По улице, ведущей к статуе принцепса Октавиана Августа, трупов не наблюдалось, но видно плевки и капли крови, что верно свидетельствует о продвижении только что повоевавших готских воинов.
А у таберны «У Авла Рубина», что рядом с площадкой с памятником, наблюдалось уже завершающееся боестолкновение готов и римлян. Баррикада тут была слабенькая, сделанная из скреплённых верёвками телег и домашней мебели. Её уже разомкнули и оттеснили к тротуарам, а сама схватка происходила за ней, под бдительным взглядом принцепса…
Когда две центурии поддержки дошли до баррикад, схватка уже была окончена, поэтому тысяча Хродегера двинулась вперёд, вобрав в себя легионеров.

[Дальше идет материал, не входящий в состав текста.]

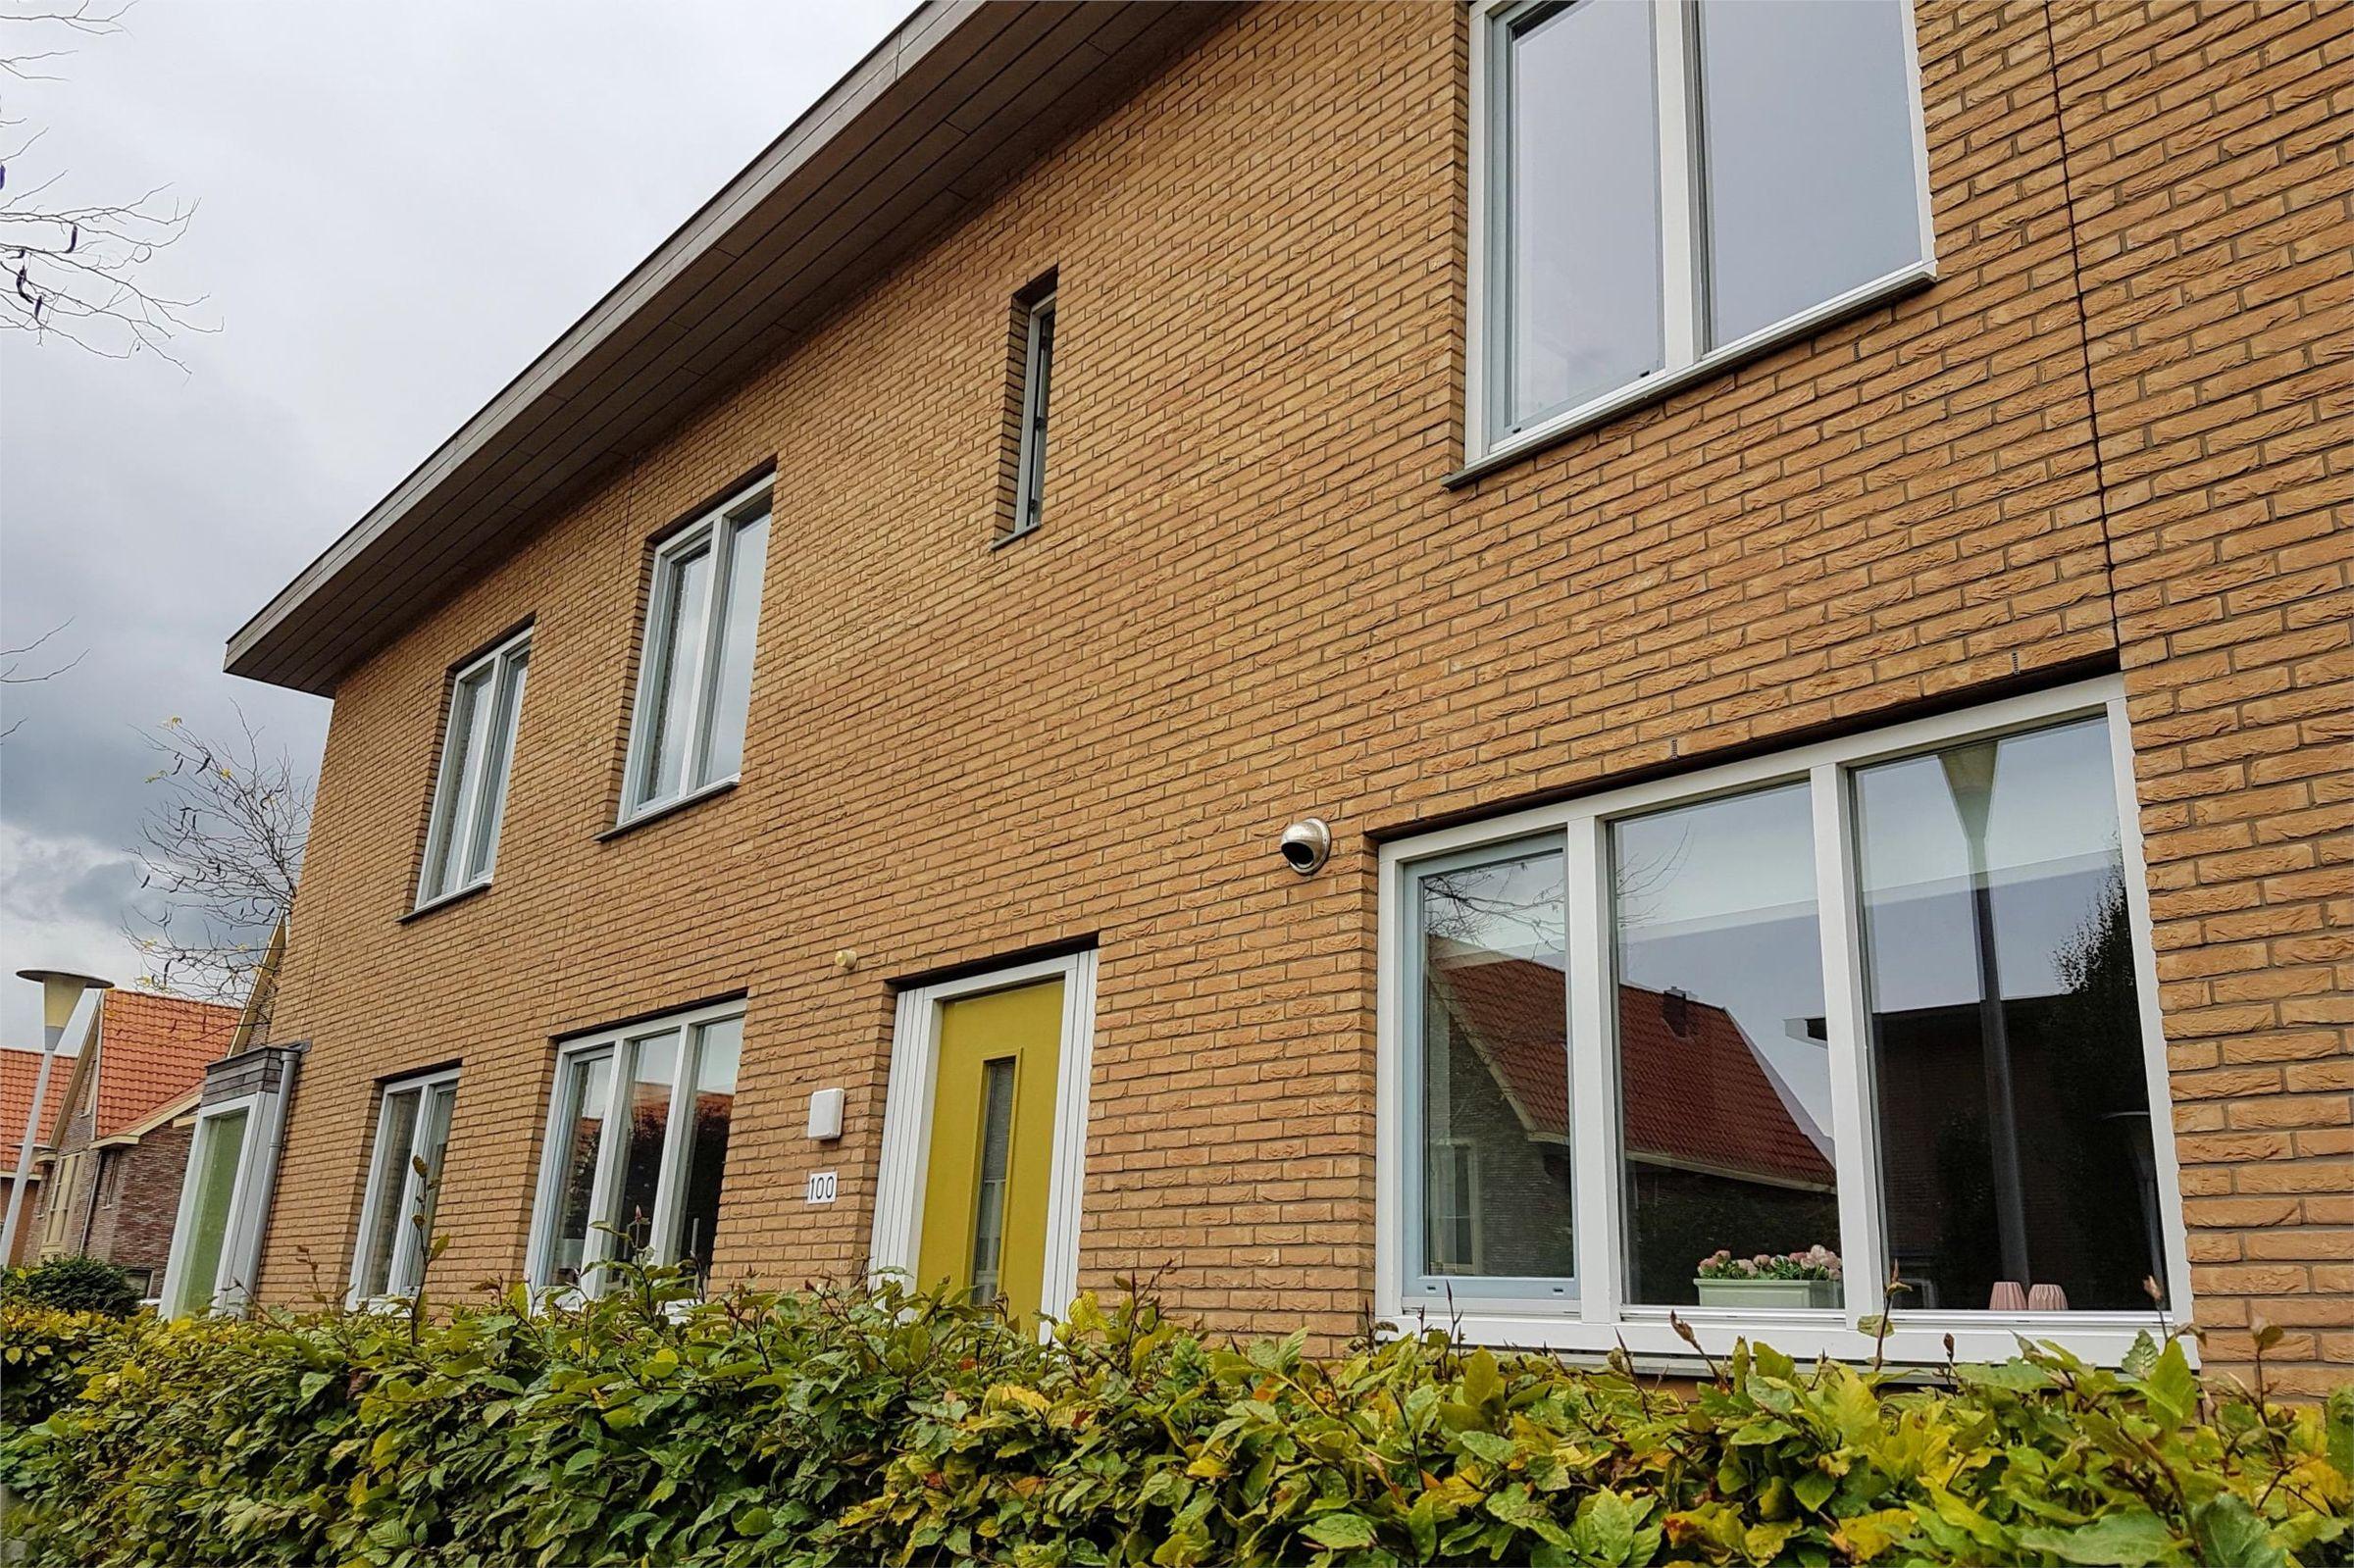 Tiendschuurstraat 100, Zwolle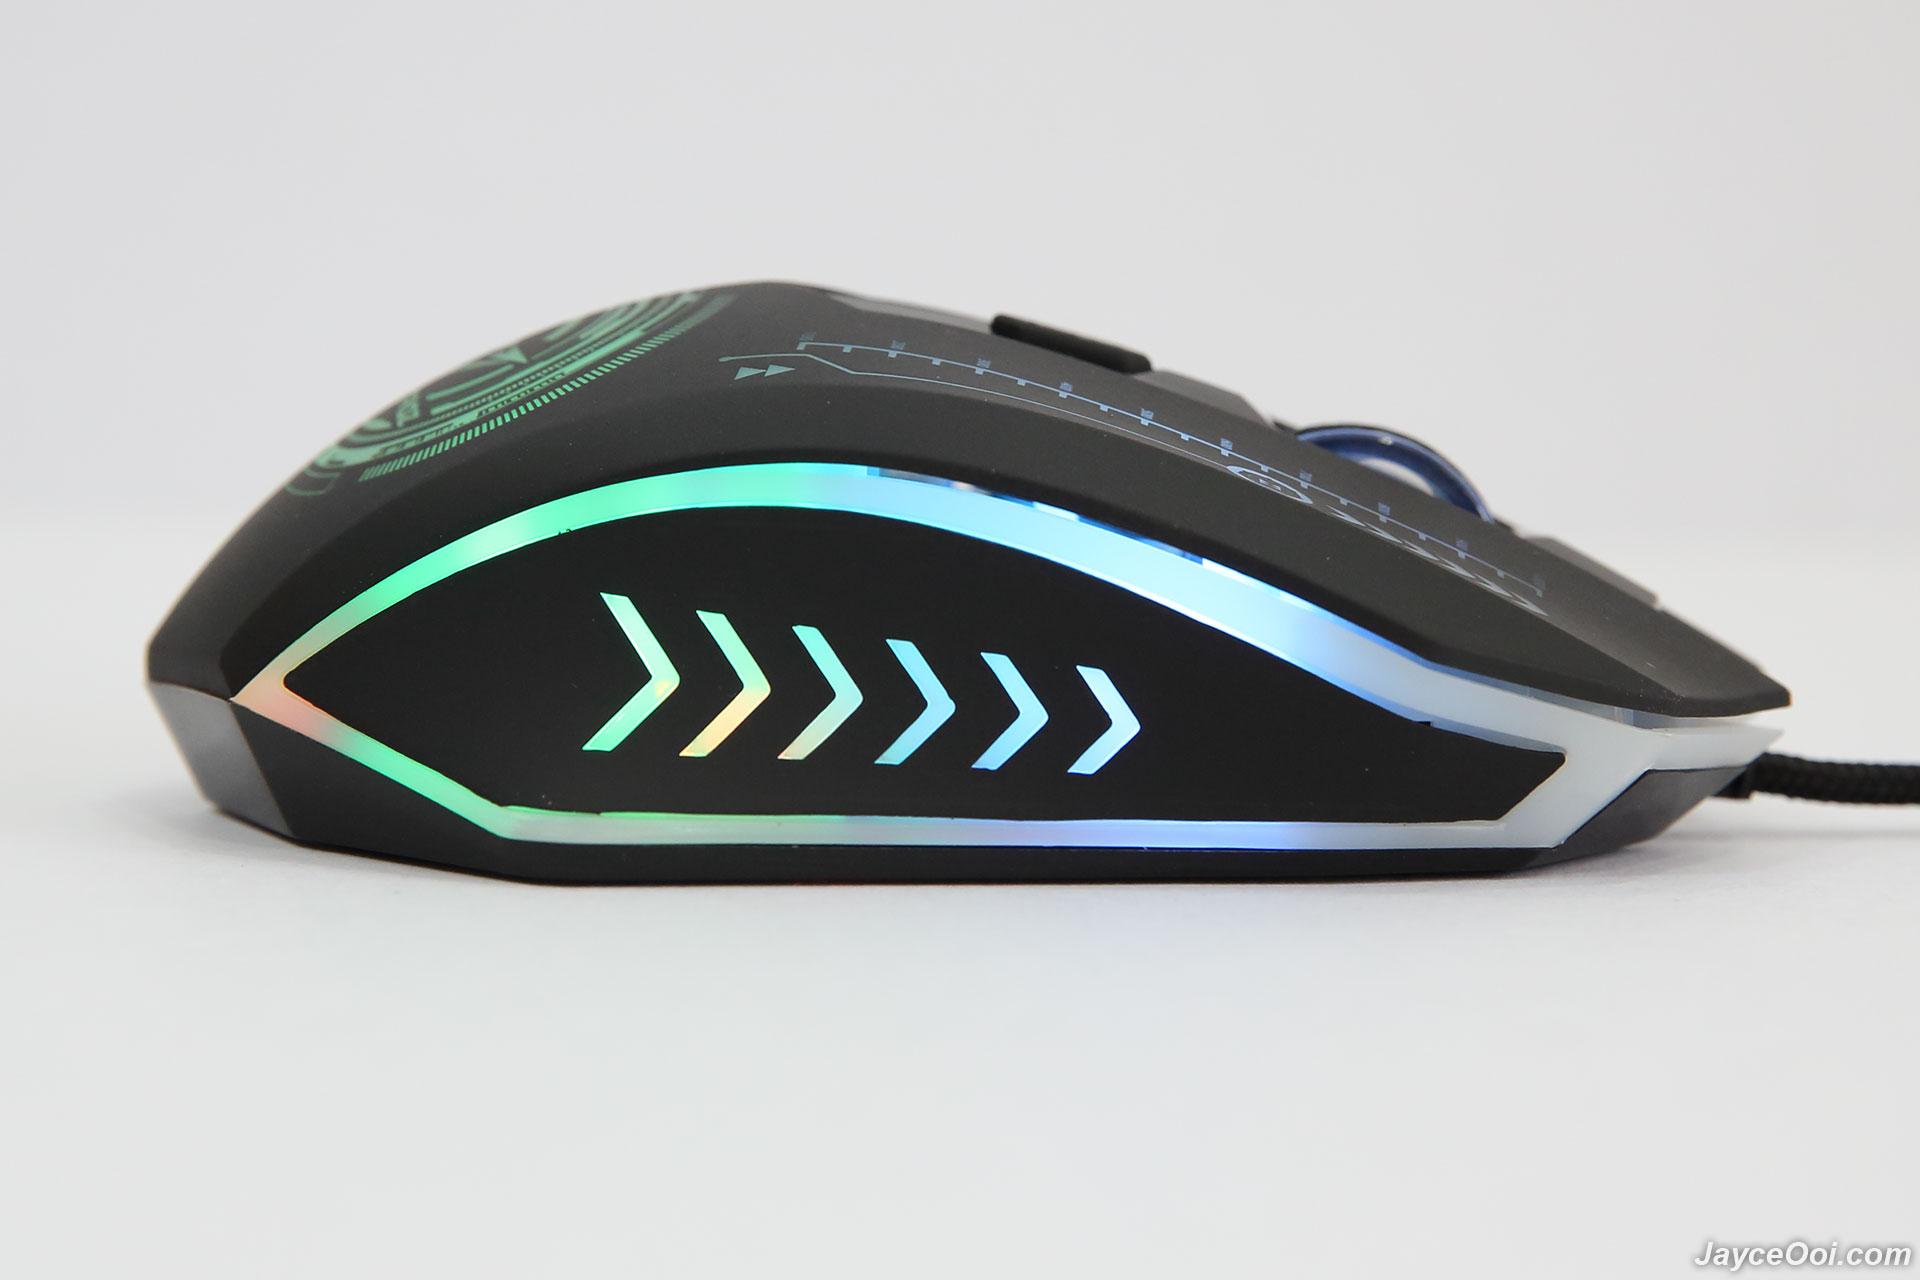 Alcatroz X-Craft Pro Trek 1000 Review - JayceOoi com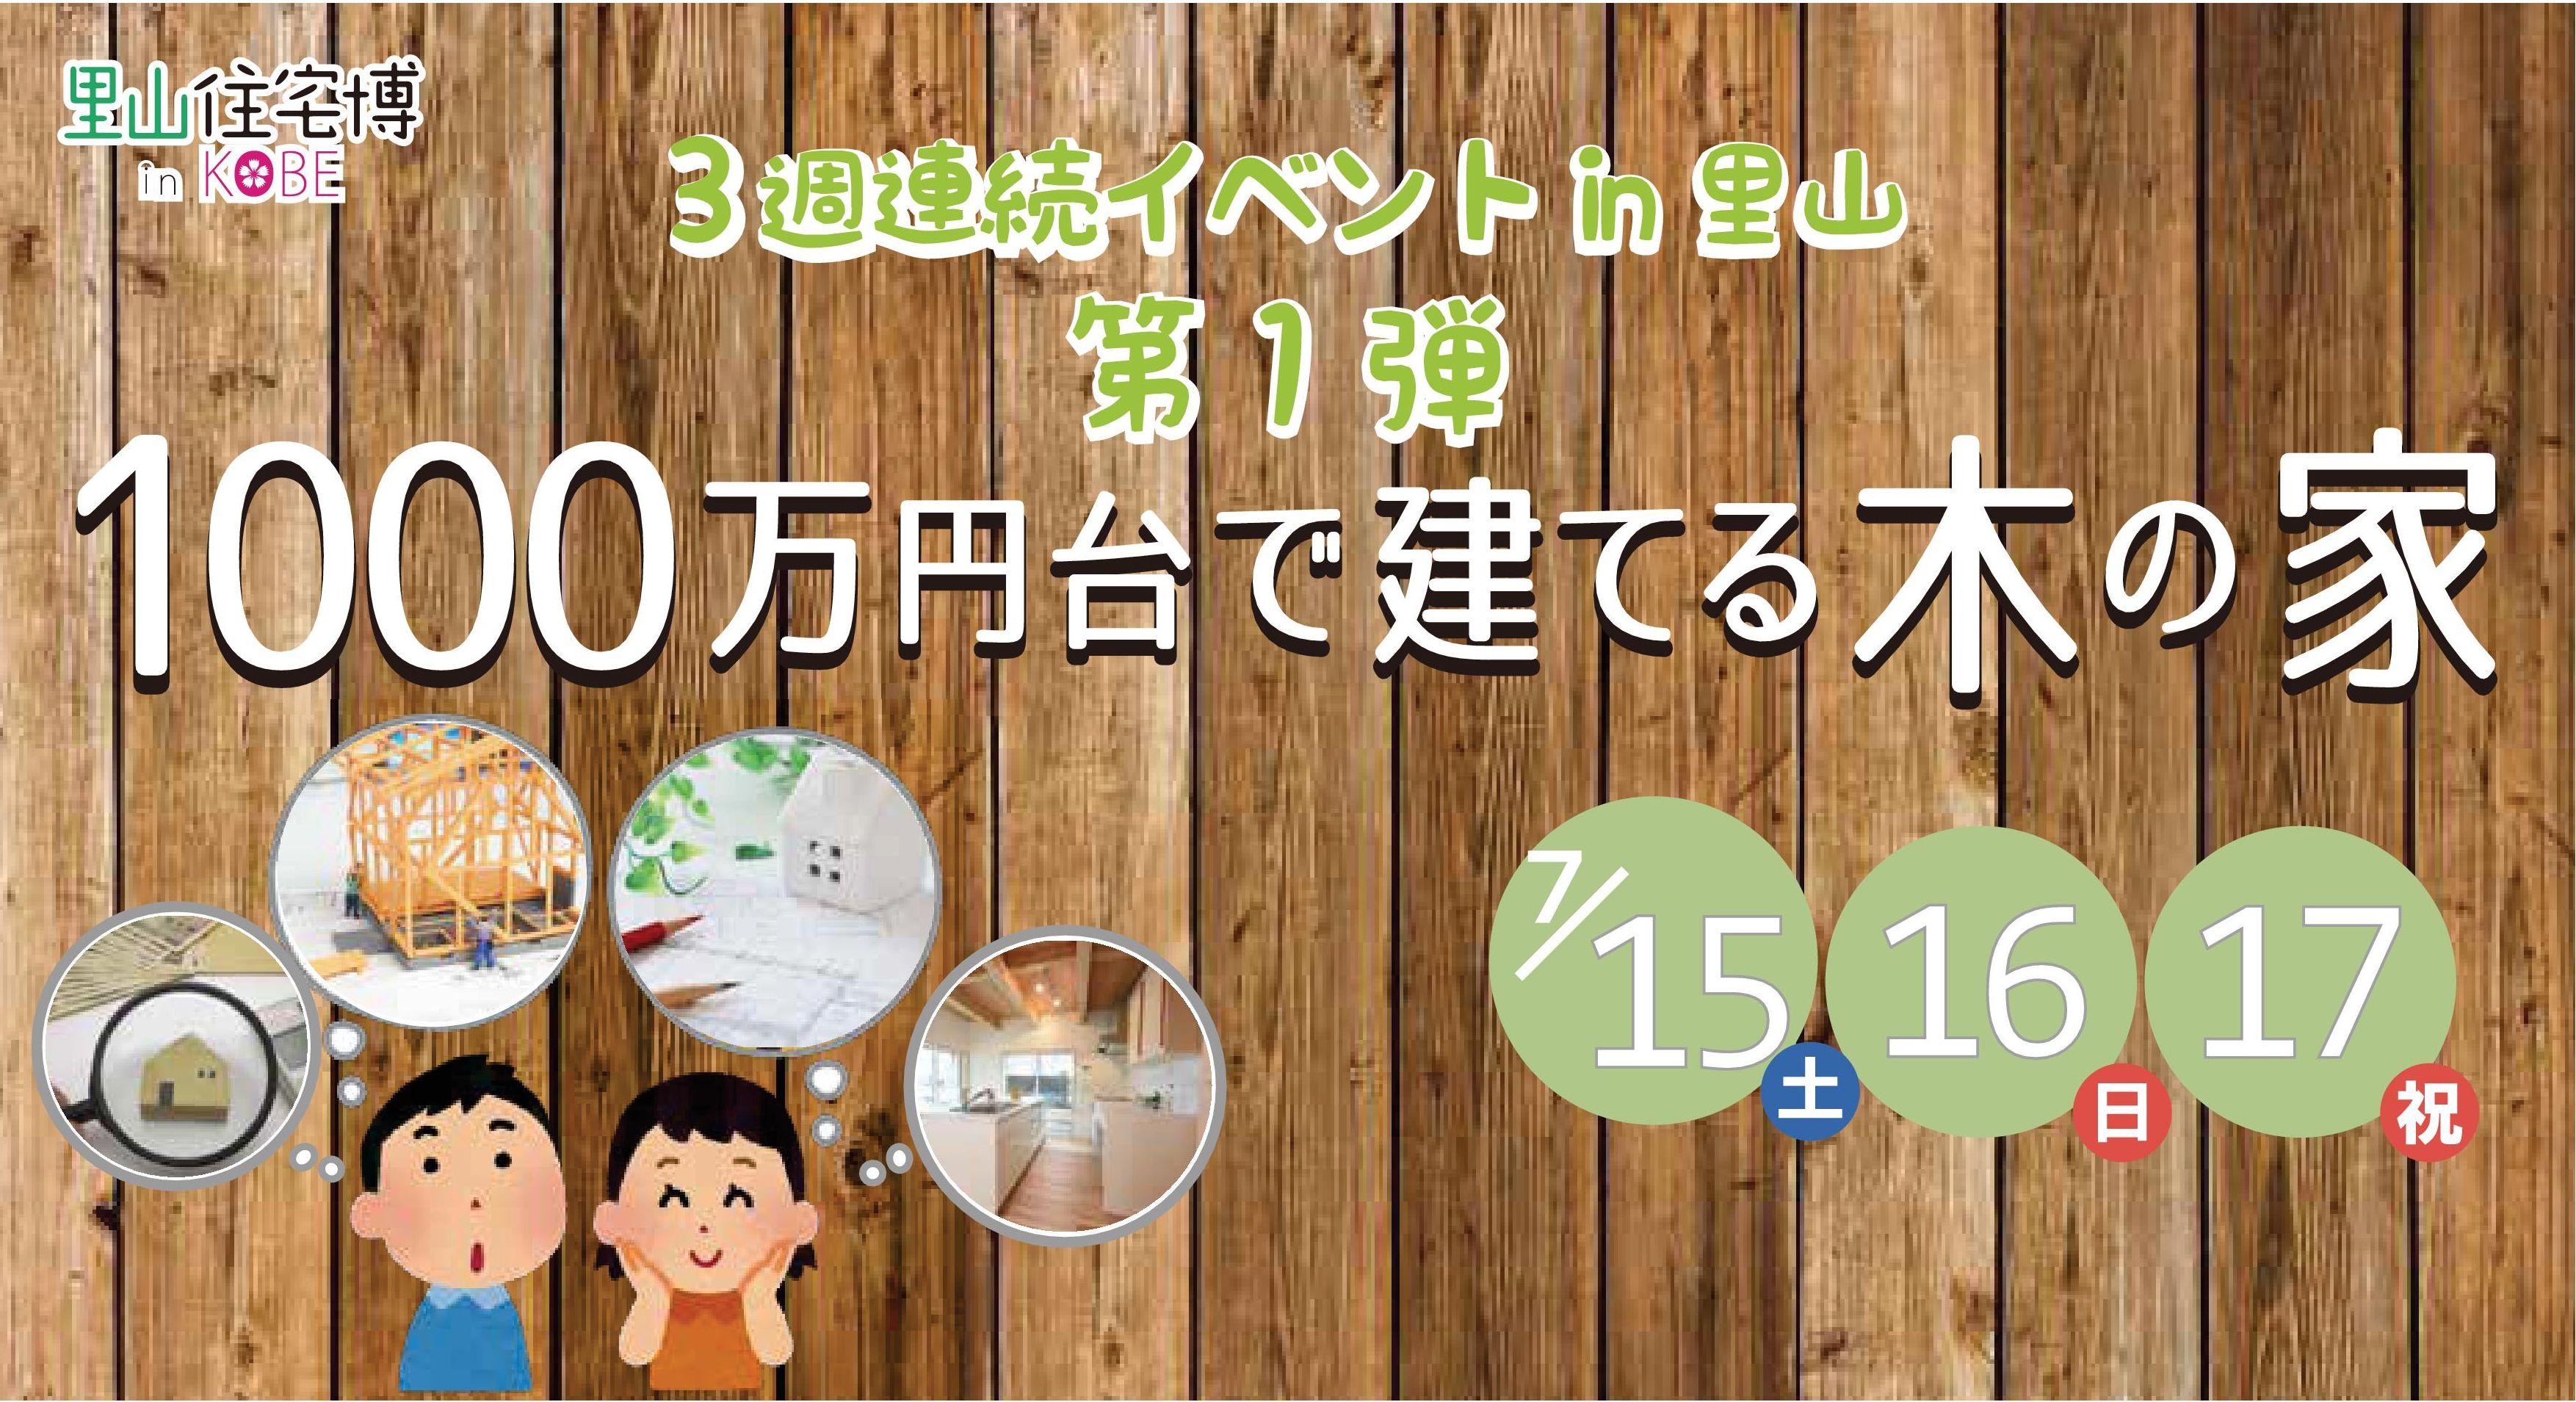 7月15日㈯・16日㈰・17日(祝)

Эйрих вмешиваться не стал, потому что всё идёт по плану.
Римляне не смогли придумать ничего лучше, кроме как оборонять проломы, что изначально было обречено на провал. Сам Эйрих бы отвёл войска ближе к центру, чтобы полноценно использовать очень плотную застройку на малом пространстве, обязательно с высокими и прочными баррикадами. Ещё можно было усеять улицы «чесноком», чтобы дополнительно травмировать вынужденных наступать противников. И даже так оборона города была бесперспективным занятием, потому что стена уже пробита, а осаждающих десятикратно больше…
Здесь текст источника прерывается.